Editing Structure
'The first scene of the play is the first scene that I wrote . . .. I wish I could say that I planned it, but I didn't; people kind of showed up doing whatever they were doing in whatever time they were doing it. Then, once I had a first draft, I could look at it and say, What does this want to be about? and focus it.'
-- Lisa Loomer
Tinkering with beginnings and endings may be a better way to talk about what's possible with Structure. For the most serious and most common structural problem -- lack of a Suspense Plot -- rewriting the whole thing from the beginning is the only real solution. And that's hardly what you'd call Editing.
When the Structure is all there, the Suspense Plot is integrated into the Subtext of your characters and leads directly to the play's Climax. You can't patch in a Suspense Plot in bits and pieces after the fact. Well, you can . . . but it hardly ever works. The solution: bite the cap of your pen. Hard. And write a second draft from scratch.
Here's what you can do if the Suspense Plot's there . . .
- Beginning of the Play
- Look carefully at the first Scene or at least the first 5 pages. Do this whether you've structured your play in short formal Scenes or continuous Acts . . .
- Is your Point of Attack one scene too early? Scene 1 may only have been your warm-up for the real play.
- Beginnings and Endings of Scenes & Acts
- Have you started the act or scene too early?
Look at the first half-dozen lines of dialogue -- following each secondary Point of Attack. See if you were just getting warmed up for the real beginning of the scene . . .
- Have you ended the act or scene too late?
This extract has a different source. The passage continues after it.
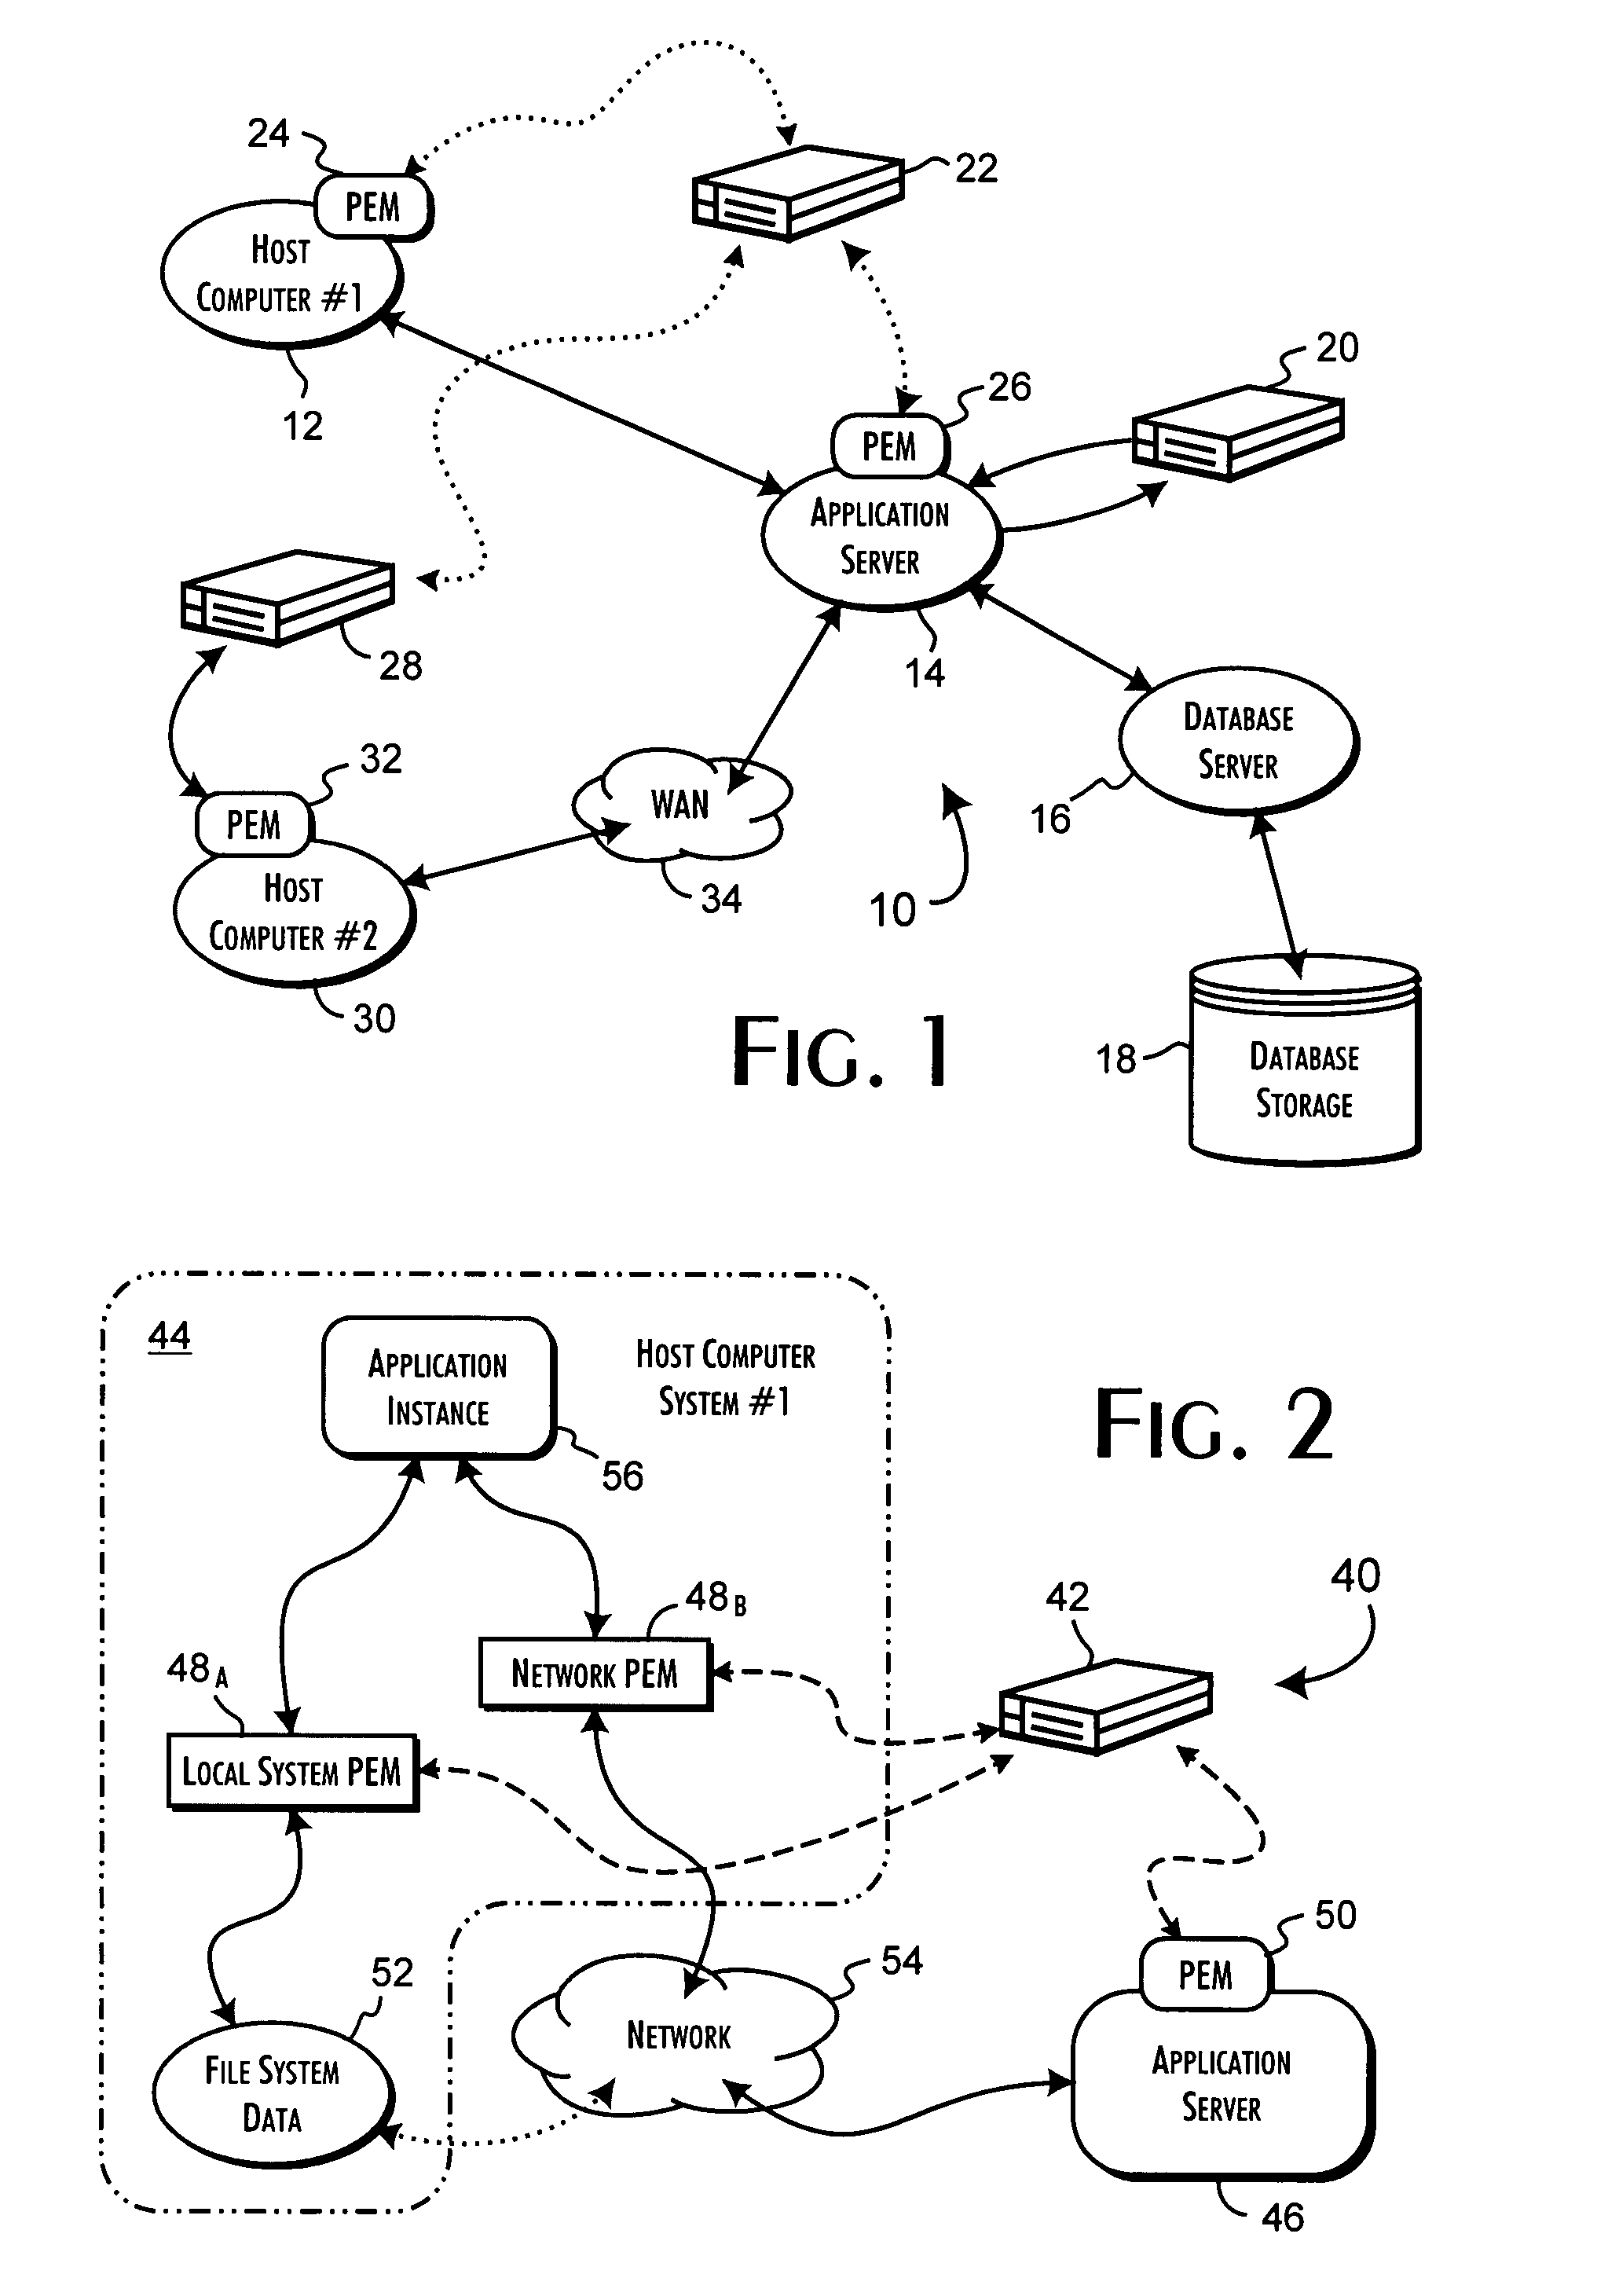 Secure, real-time application execution control system and methods

Look at the last two or three lines. See if you've let the dialogue resolve the conflict instead of pushing us into the next scene or act with a Curtain Line.
- Climax of the Play
- Does the Climax fall within the last half-dozen pages of the play? If not, cut most of the pages following it. Or see if you've dropped it into the play too early. Be careful, if this last is the case. It probably means you've imposed an arbitrary Climax on your characters rather than letting it grow directly out of the conflict between them.
- Resolution of the Play
- If the Resolution runs on for more than a half-dozen pages, you're just pushing the play when it's out of gas. Brief is better. And a short Resolution usually lets you leave us with something to think about when we've left the theatre.